Man könnte sich auch eine Sprache denken, in der all das, was auf einem anderen liegt oder sitzt oder worin es sich bewegt, solange es da liegt oder sitzt oder sich bewegt, als begriffliche Einheit mit dem aufgefasst würde, auf dem es liegt oder sitzt oder worin es sich bewegt. Die Taube, die auf dem Dach sitzt, wäre in dieser Sprache eine „Dachtaube“, die Taube, die auf dem Ast eines Baumes sitzt, eine „Baumtaube“ und die Taube, die über die Dächer durch die Luft fliegt eine „Lufttaube“. Anders als in unserer Sprache wäre die „Dachtaube“ nicht dasselbe Tier wie die „Baumtaube“ und diese wäre nicht dasselbe Tier wie die „Lufttaube“.
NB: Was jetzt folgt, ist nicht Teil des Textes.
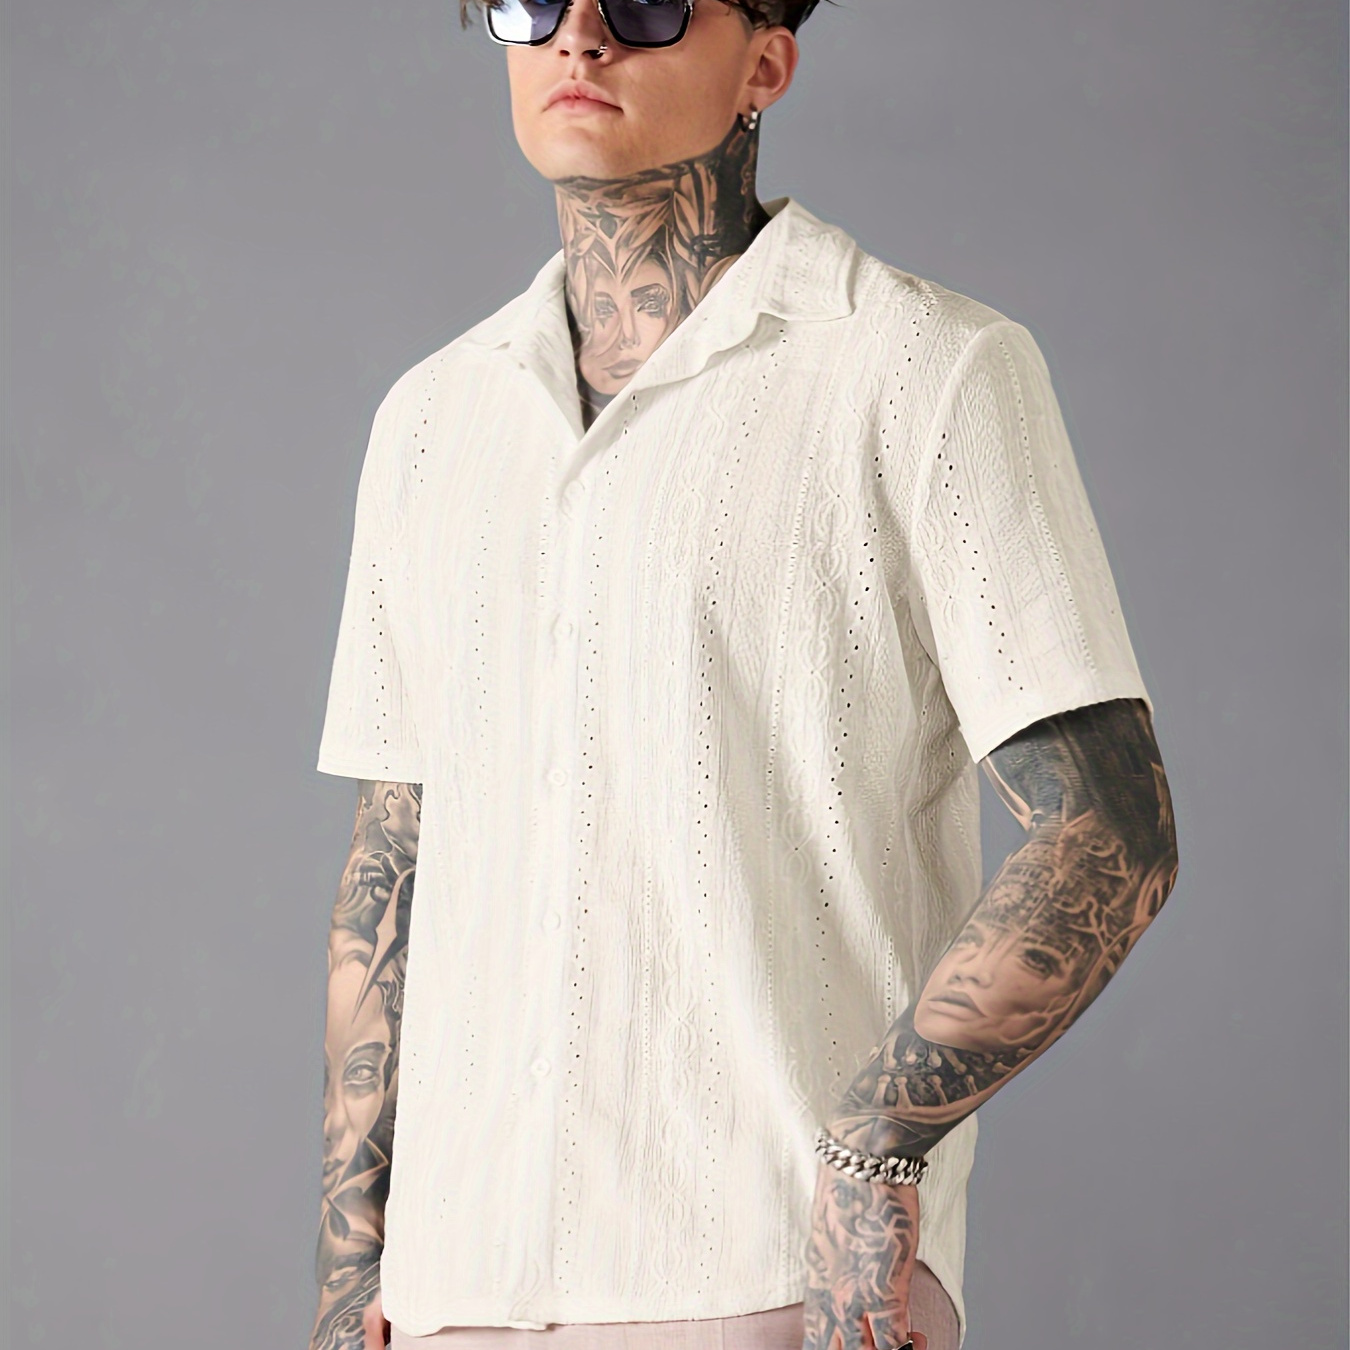 

Men's Solid Color Lapel Shirt With Novel Designed Hollow Pattern, Short Sleeve And Button Down Placket, Casual And Novel Tops For Summer Leisurewear

Dieser seltsame Umstand weist uns darauf hin, dass der sinnvolle Gedanke auf die logisch korrekte Verwendung des Pronomens „derselbe“, „dieselbe, „dasselbe“ eingeschränkt ist: Wir können sagen: „Dieselbe Taube, die eben auf dem Dach saß, fliegt jetzt über den Platz.“ Oder: „Die Taube sitzt auf dem Dach. Jetzt fliegt sie über den Platz“, wobei das Relativpronomen „sie“ als Stellvertreter oder Anzeiger der Identität des herausgegriffenen Objekts fungiert.

In jener merkwürdigen Sprache, die begriffliche Verschmelzungen der genannten Art zuließe, könnten wir keine grammatisch wohlgeformten Sätze mit dem logisch korrekten Gebrauch der Indexwörter für die Identität wie „derselbe“ oder des Relativpronomens bilden.

Daraus folgern wir: Die grundlegende semantische Leistung der Benennung oder die regelrechte Verwendung von Namen für Objekte ist eine Ableitung der ldentitätsfunktion oder der identifizierenden Tätigkeit der Vernunft.

Die Tätigkeit der Vernunft konstituiert unser Dasein: Sie macht uns zu denen, die zu verantworten haben, was wir an sinnvollen Gedanken und sinnvollen Sätzen oder Sprechakten äußern. Wenn ich dir versprochen habe, das mir freundlicherweise entliehene Buch in drei Wochen zurückzugeben, bin ich gehalten, mich am Tag der Rückgabe als dieselbe Person zu identifizieren, die dir vor drei Wochen das Versprechen gegeben hat. Die identifizierende Tätigkeit der Vernunft ist einer der Grundpfeiler der menschlichen Lebensordnung.